» **DESCRIPTION OF THE TASK**:
When you write out the listing, keep every word as it stands and drop the pictures.

» **AVAILABLE DATA**:
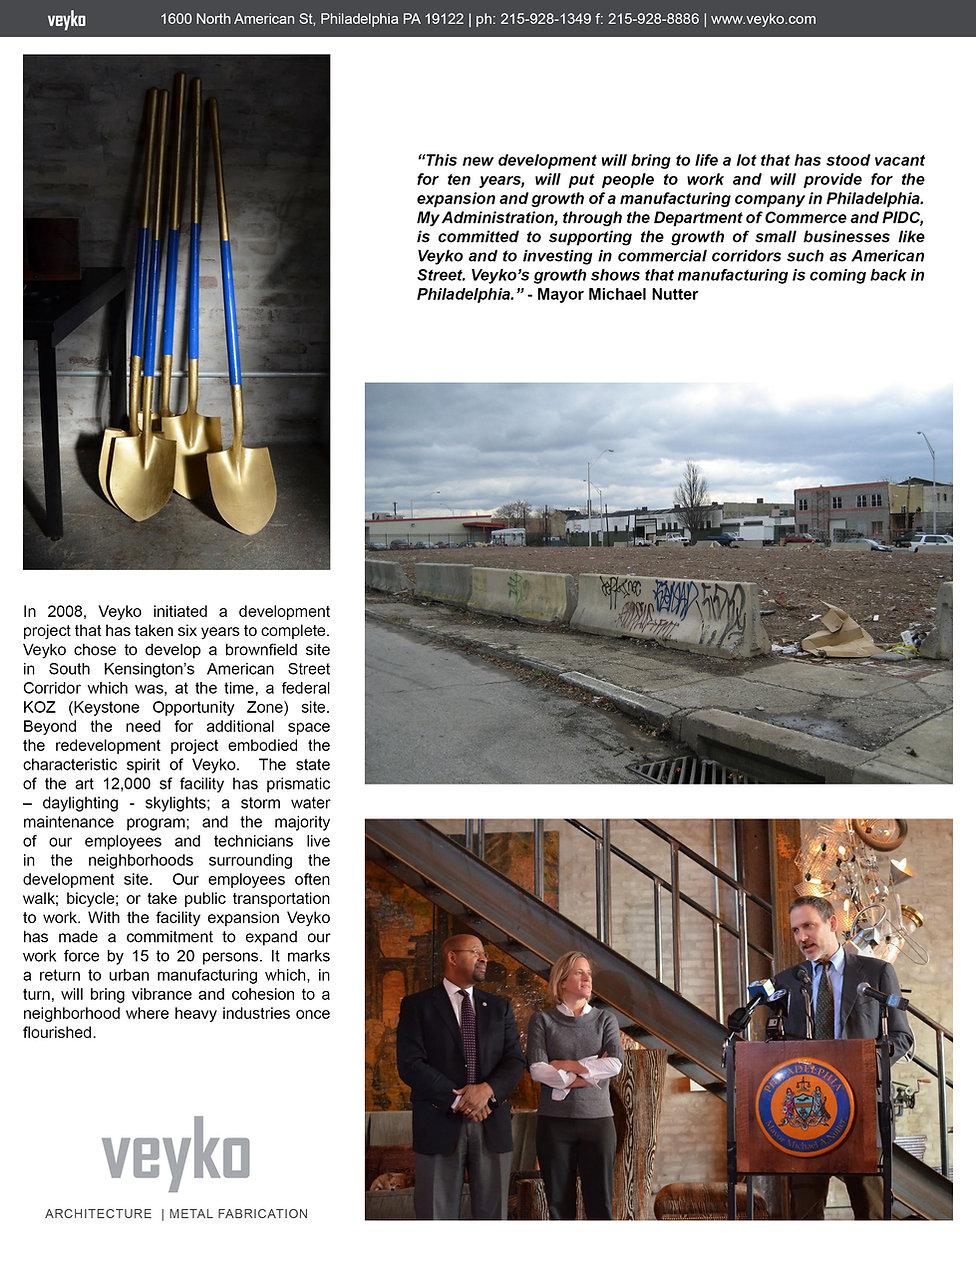 Issue 11 Veyko Building p2.jpg
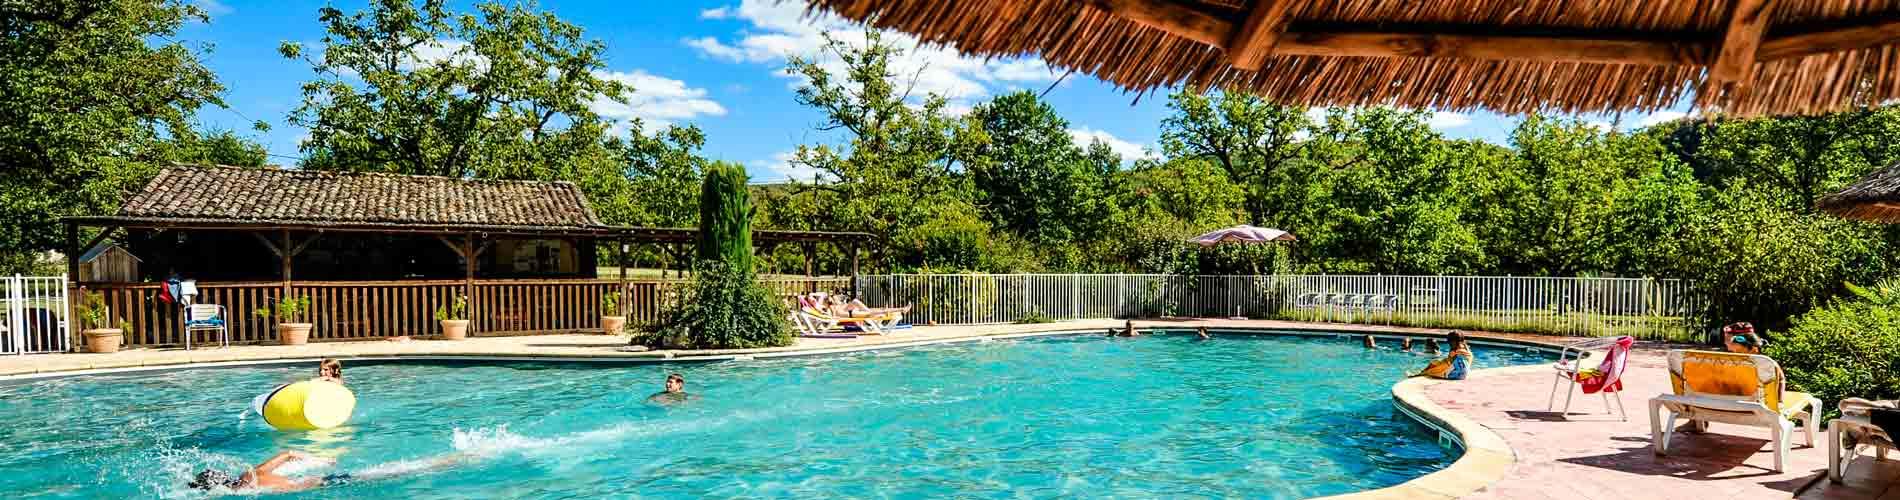 Camping lot avec piscine camping avec espace quatique for Camping avranches avec piscine
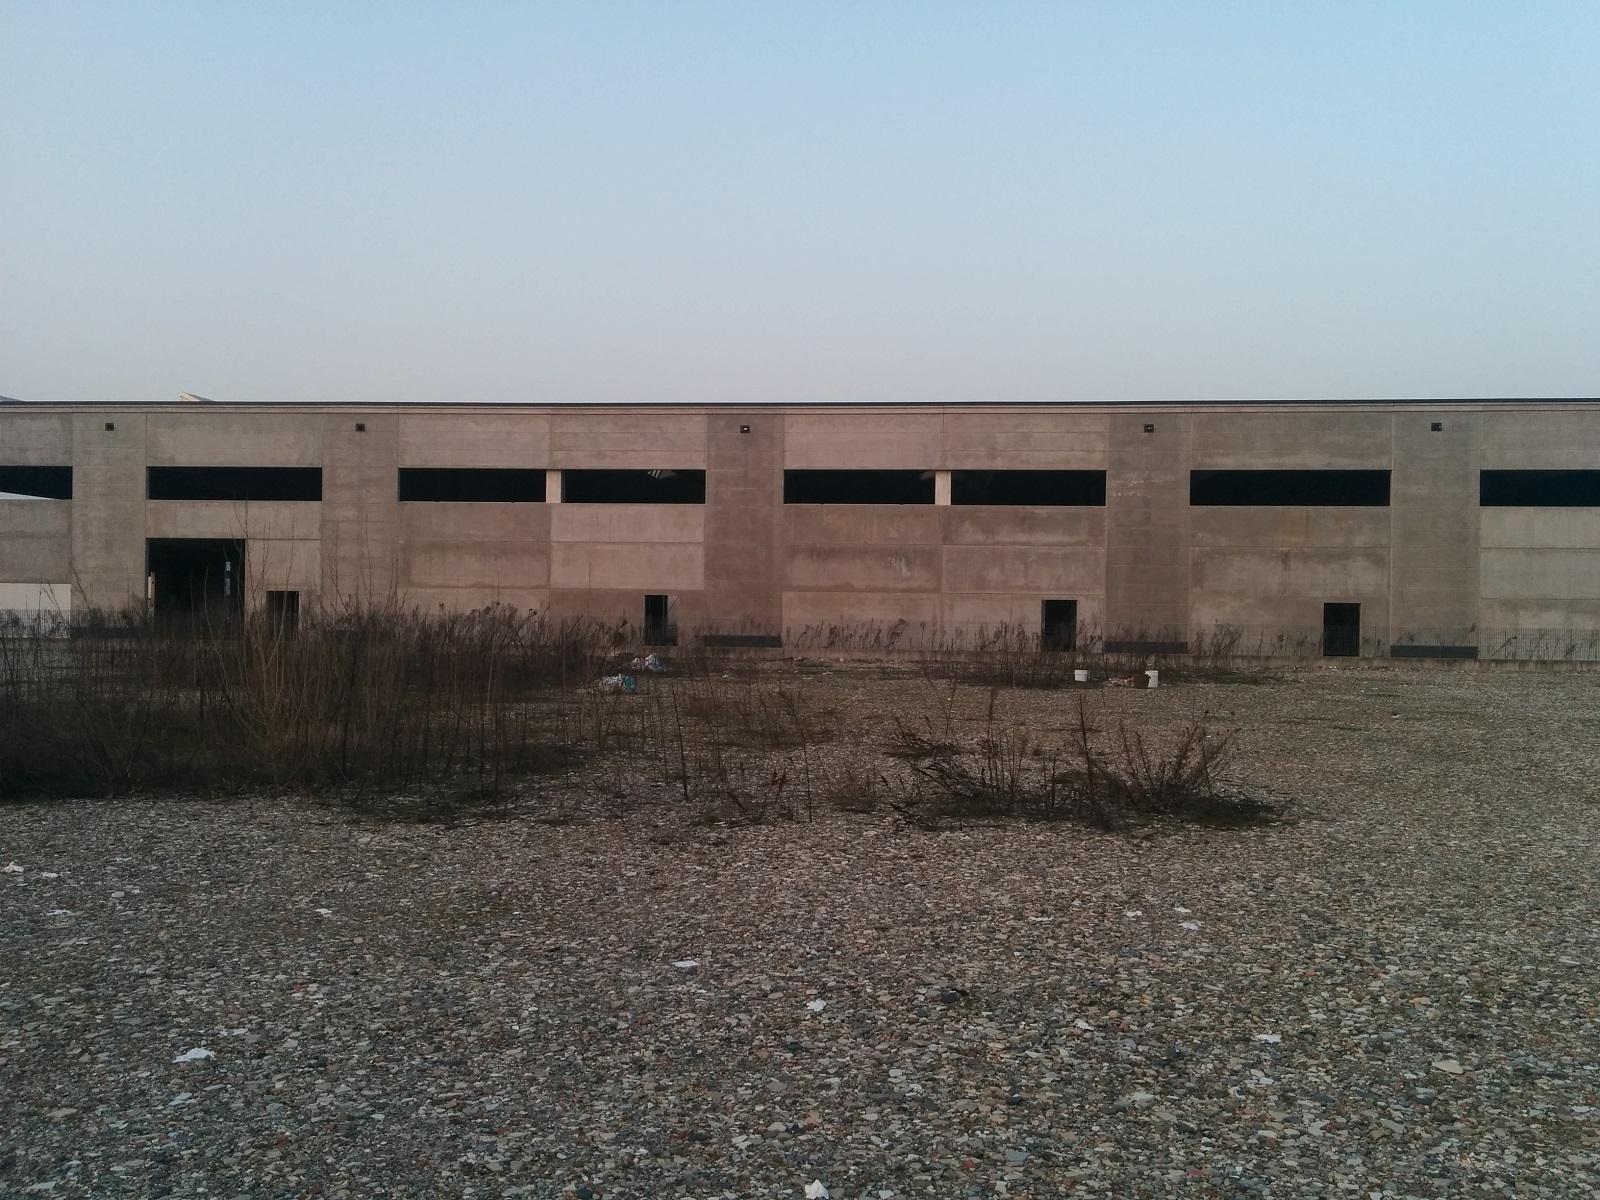 Machweo - La zona industriale di Carpi
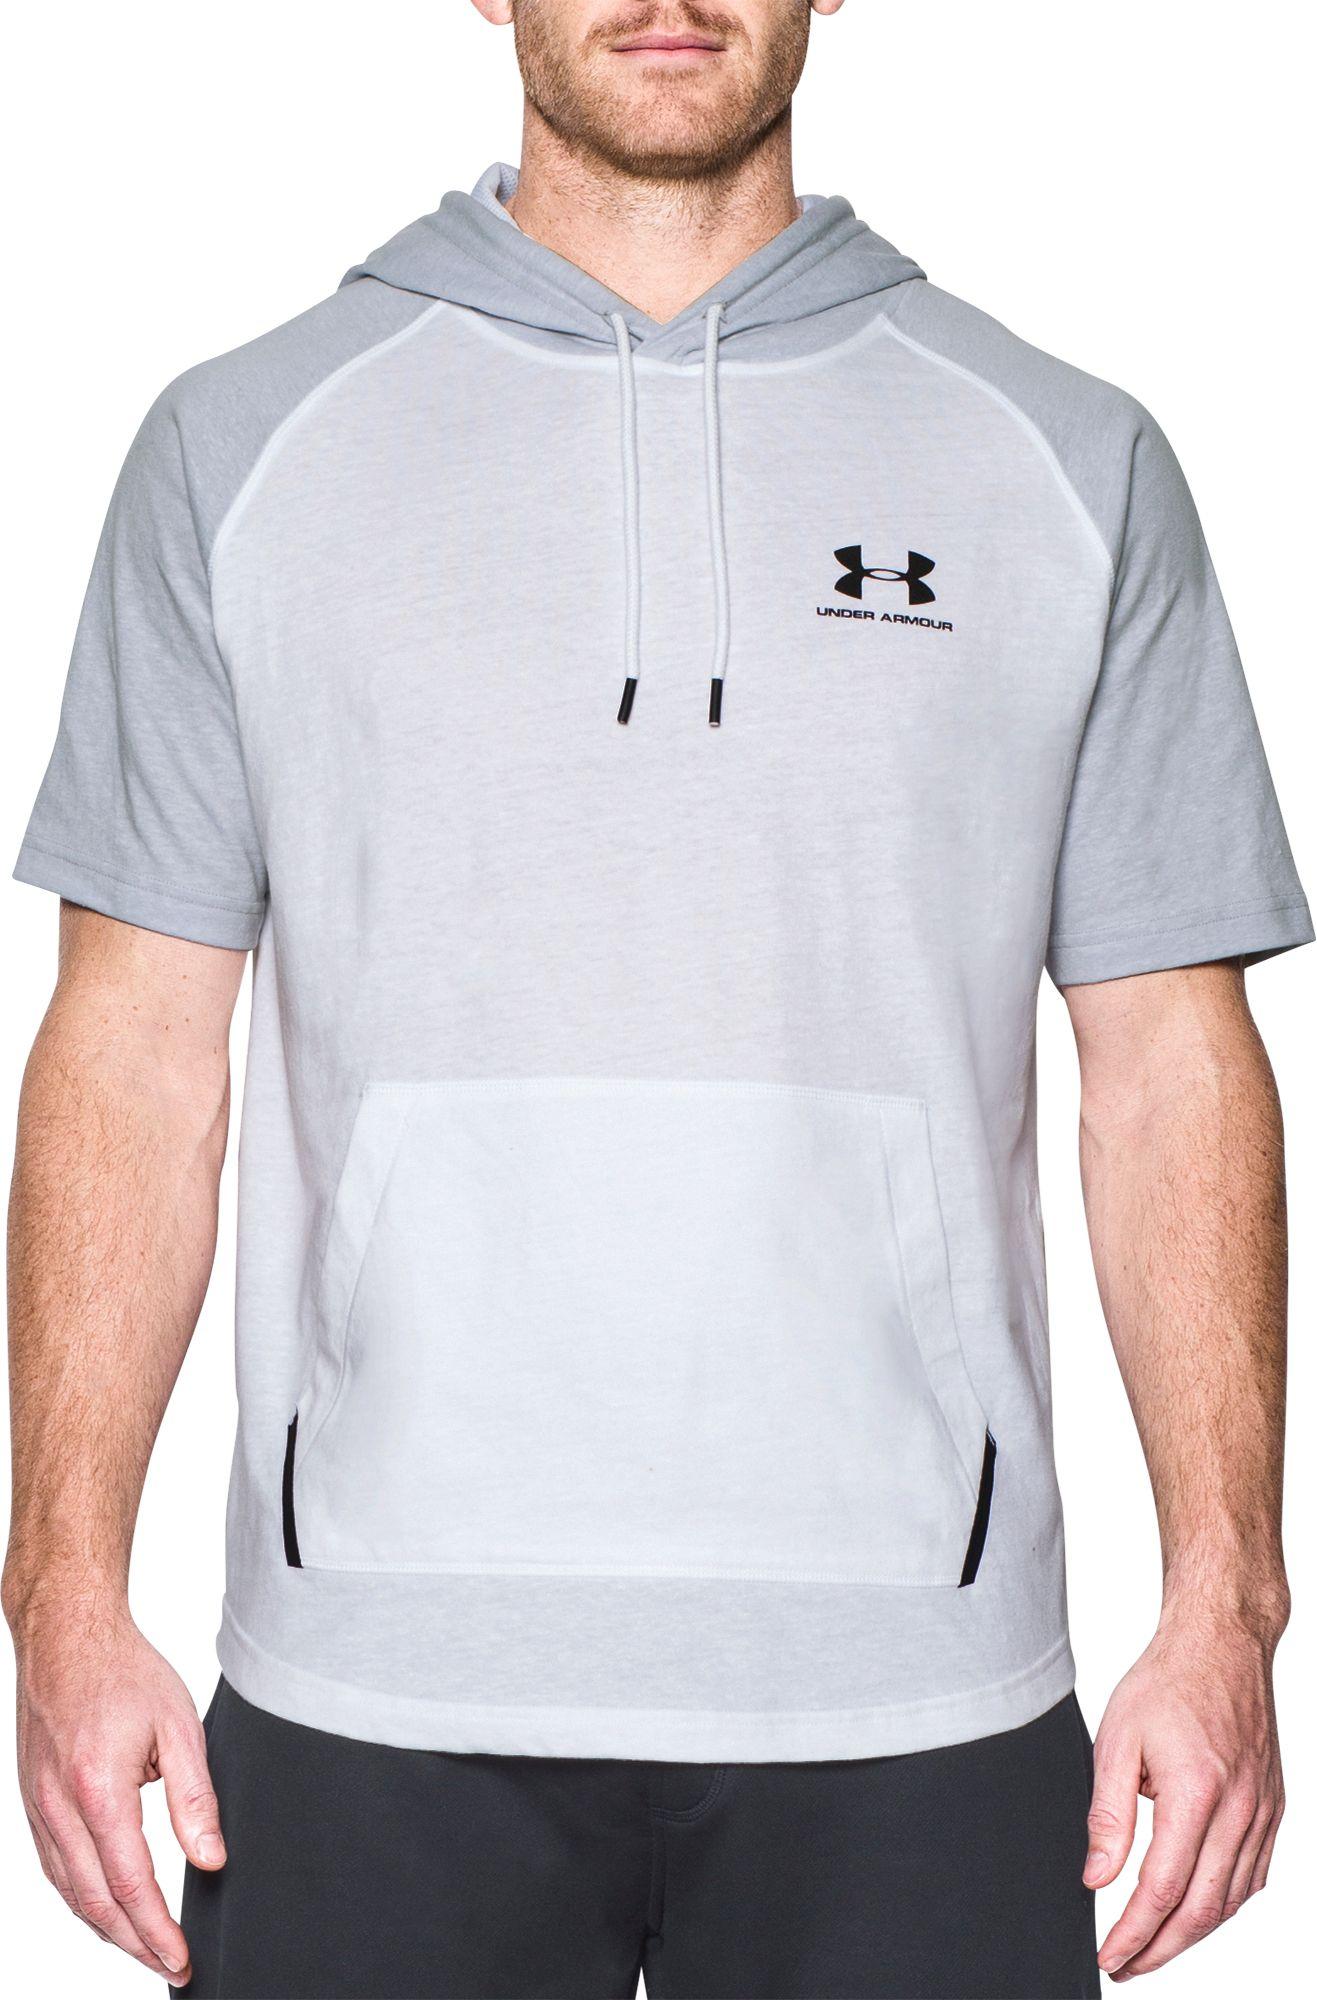 Under Armour Men's Sportstyle Short Sleeve Hoodie | DICK'S ...

» **ANSWER SPACE**:
 Issue 11 Veyko Building p2.jpg
 Camping lot avec piscine camping avec espace quatique for Camping avranches avec piscine
 Machweo - La zona industriale di Carpi
 Under Armour Men's Sportstyle Short Sleeve Hoodie | DICK'S ...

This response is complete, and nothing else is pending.